In a resolve type join with hmatch_settle, rows of raw with multiple matches to ref are resolved to the highest hierarchical level that is non-conflicting among all matches (or no match if there is a conflict at the very first level). E.g.

raw:
⁠1. | United States | <NA> | Jefferson |⁠

Relevant rows from ref:
⁠1. | United States | <NA> | <NA> |⁠
⁠2. | United States | New York | Jefferson |⁠
⁠3. | United States | Pennsylvania | Jefferson |⁠

In a regular join, the single row from raw (above) will match all three rows from ref. However, in a resolve join the multiple matches will be resolved to the first row from ref, because only the first hierarchical level ("United States") is non-conflicting among all possible matches.

Note that there's a distinction between "common" values at a given hierarchical level (i.e. a single unique value in each row) and "non-conflicting" values (i.e. a single unique value or a missing value).

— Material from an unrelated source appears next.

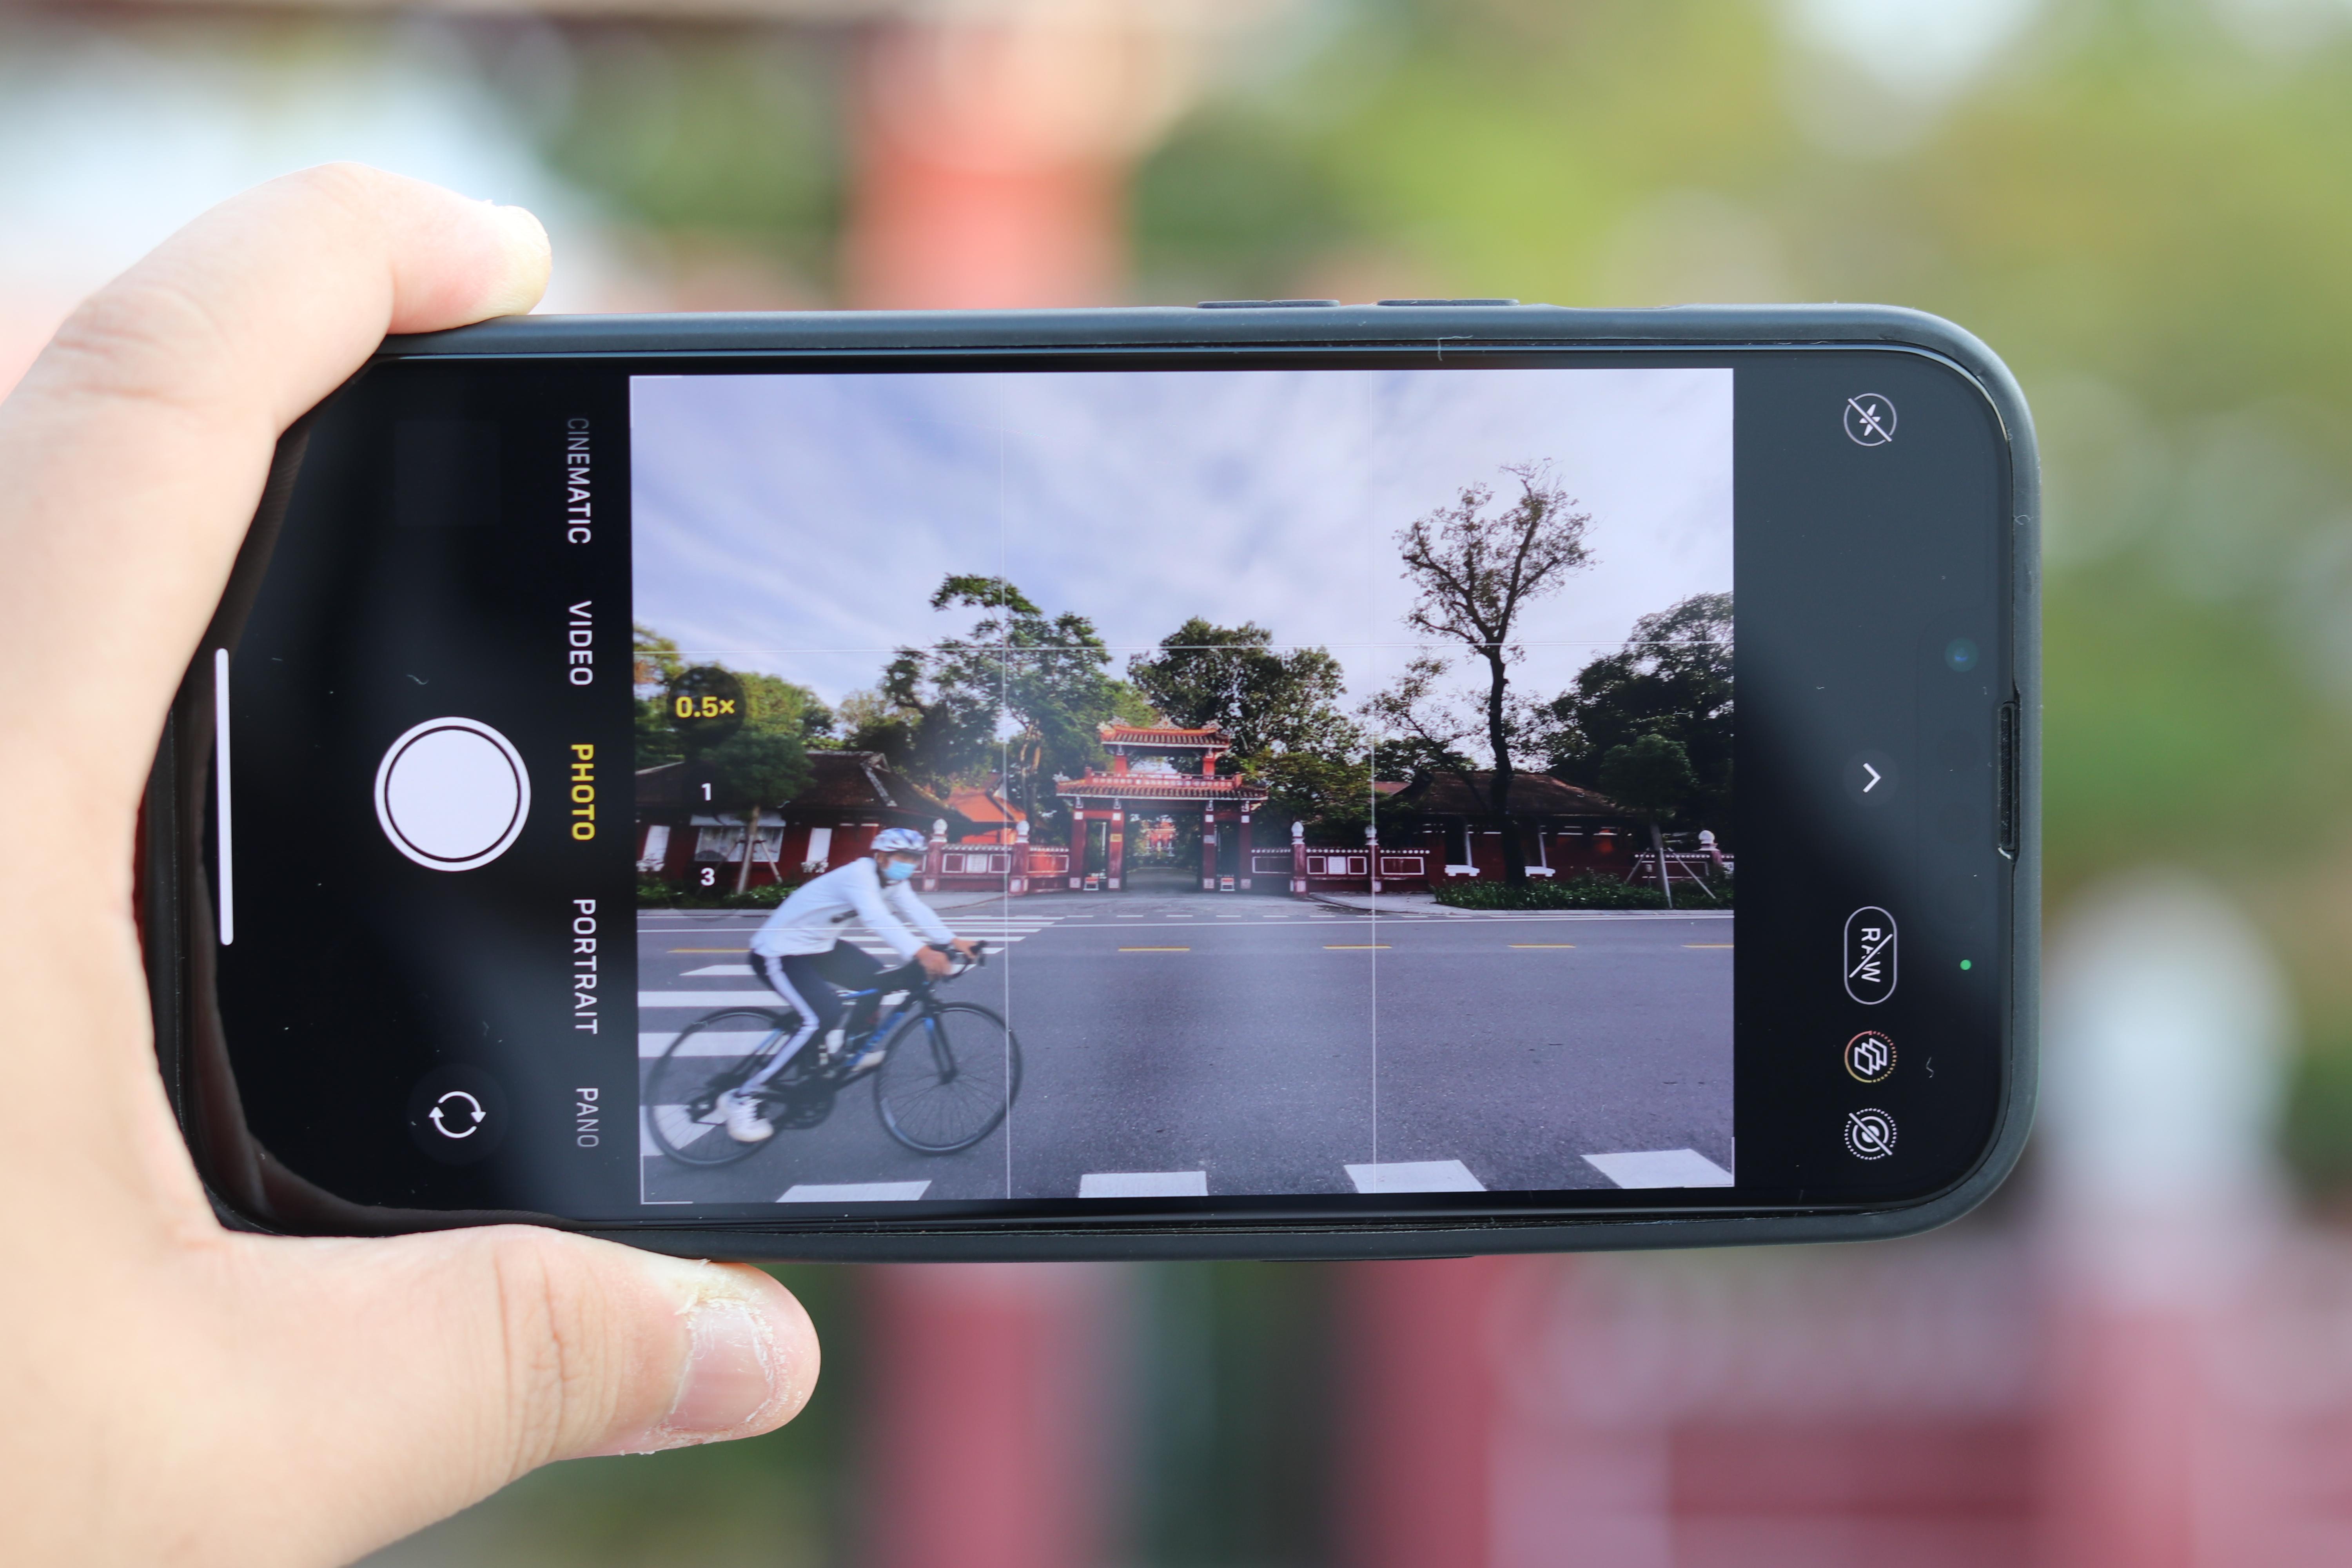 Với iPhone 13 Pro sắp ra mắt, chụp ảnh sẽ trở nên chân thật hơn bao giờ hết. Với một bộ ba camera chất lượng cao, iPhone 13 Pro đem đến cho bạn các bức ảnh đẹp như trong mơ. Điều chỉnh từng góc cạnh và ánh sáng để tạo ra những bức ảnh chưa bao giờ dễ dàng đến vậy.
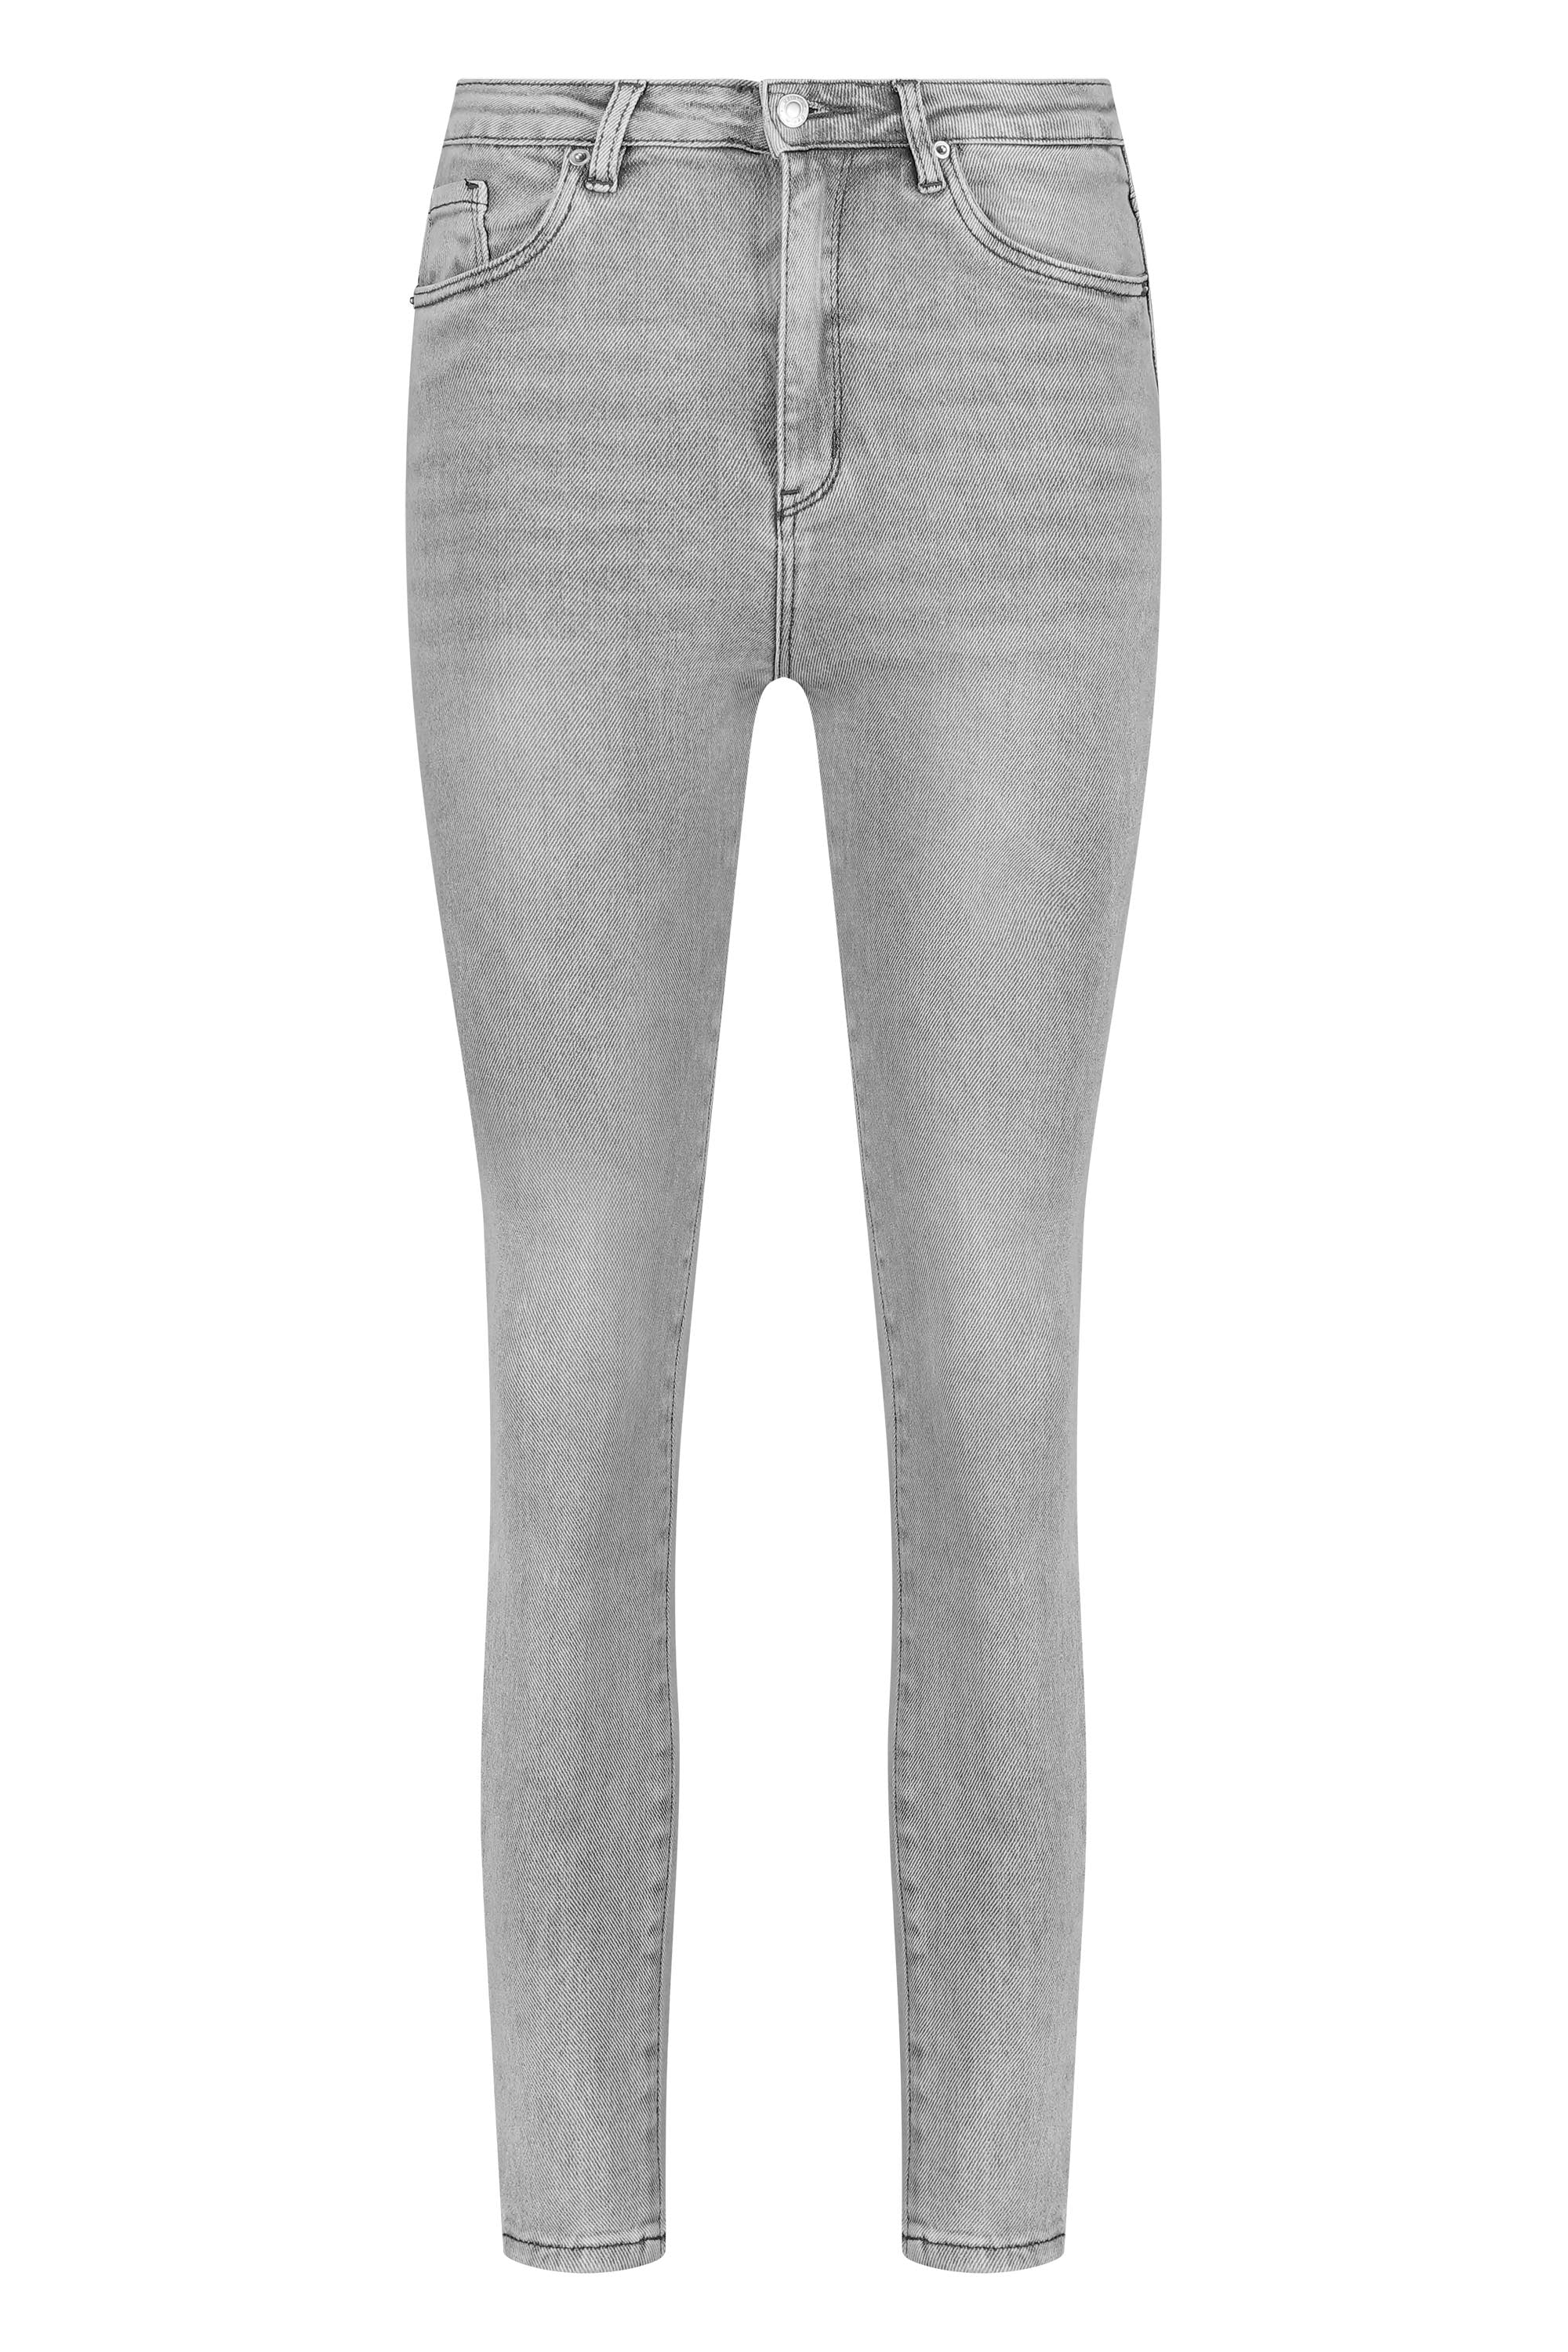 Skinny jeans stretch light grey

E.g.

raw:
⁠1. | United States | New York | New York |⁠

Relevant rows from ref:
⁠1. | United States | <NA> | <NA> |⁠
⁠2. | United States | New York | <NA> |⁠
⁠3. | United States | New York | New York |⁠

In the example above, only the 1st hierarchical level ("United States") is "common" to all matches, but all hierarchical levels are "non-conflicting" (i.e. because row 2 is a hierarchical child of row 1, and row 3 a child of row 2), and so a resolve-type match will be made to the 3rd row in ref.

Examples

data(ne_raw)
data(ne_ref)

# return matches at all levels
hmatch_settle(ne_raw, ne_ref, pattern = "^adm", type = "inner")

# use a resolve join to settle for the best possible match for each row
hmatch_settle(ne_raw, ne_ref, pattern = "^adm", type = "resolve_inner")

Hierarchical matching, separately at each hierarchical level

Description

Implements hierarchical matching, separately at each hierarchical level within the data. For a given level, the raw data that is matched includes every unique combination of values at and below the level of interest. E.g.

Level 1:
⁠| Canada |⁠
⁠| United States |⁠

Level 2:
⁠| Canada | Ontario |⁠
⁠| United States | New York |⁠
⁠| United States | Pennsylvania |⁠

Level 3:
⁠| Canada | Ontario | Ottawa |⁠
⁠| Canada | Ontario | Toronto |⁠
⁠| United States | New York | Bronx |⁠
⁠| United States | New York | New York |⁠
⁠| United States | Pennsylvania | Philadelphia |⁠

Usage

hmatch_split(
  raw,
  ref,
  pattern,
  pattern_ref = pattern,
  by,
  by_ref = by,
  fn = "hmatch",
  type = "left",
  allow_gaps = TRUE,
  fuzzy = FALSE,
  fuzzy_method = "osa",
  fuzzy_dist = 1L,
  dict = NULL,
  ref_prefix = "ref_",
  std_fn = string_std,
  ...,
  levels = NULL,
  always_list = FALSE,
  man,
  code_col,
  always_tokenize = FALSE,
  token_split = "_",
  exclude_freq = 3,
  exclude_nchar = 3,
  exclude_values = NULL
)

Arguments

raw

data frame containing hierarchical columns with raw data

ref

data frame containing hierarchical columns with reference data

pattern

regex pattern to match the hierarchical columns in raw

Note: hierarchical column names can be matched using either the pattern or by arguments. Or, if neither pattern or by are specified, the hierarchical columns are assumed to be all column names that are common to both raw and ref. See specifying_columns.

pattern_ref

regex pattern to match the hierarchical columns in ref. Defaults to pattern, so only need to specify if the hierarchical columns have different names in raw and ref.

by

vector giving the names of the hierarchical columns in raw

by_ref

vector giving the names of the hierarchical columns in ref. Defaults to by, so only need to specify if the hierarchical columns have different names in raw and ref.

fn

which function to use for matching. Current options are hmatch, hmatch_permute, hmatch_tokens, hmatch_settle, or hmatch_composite. Defaults to "hmatch".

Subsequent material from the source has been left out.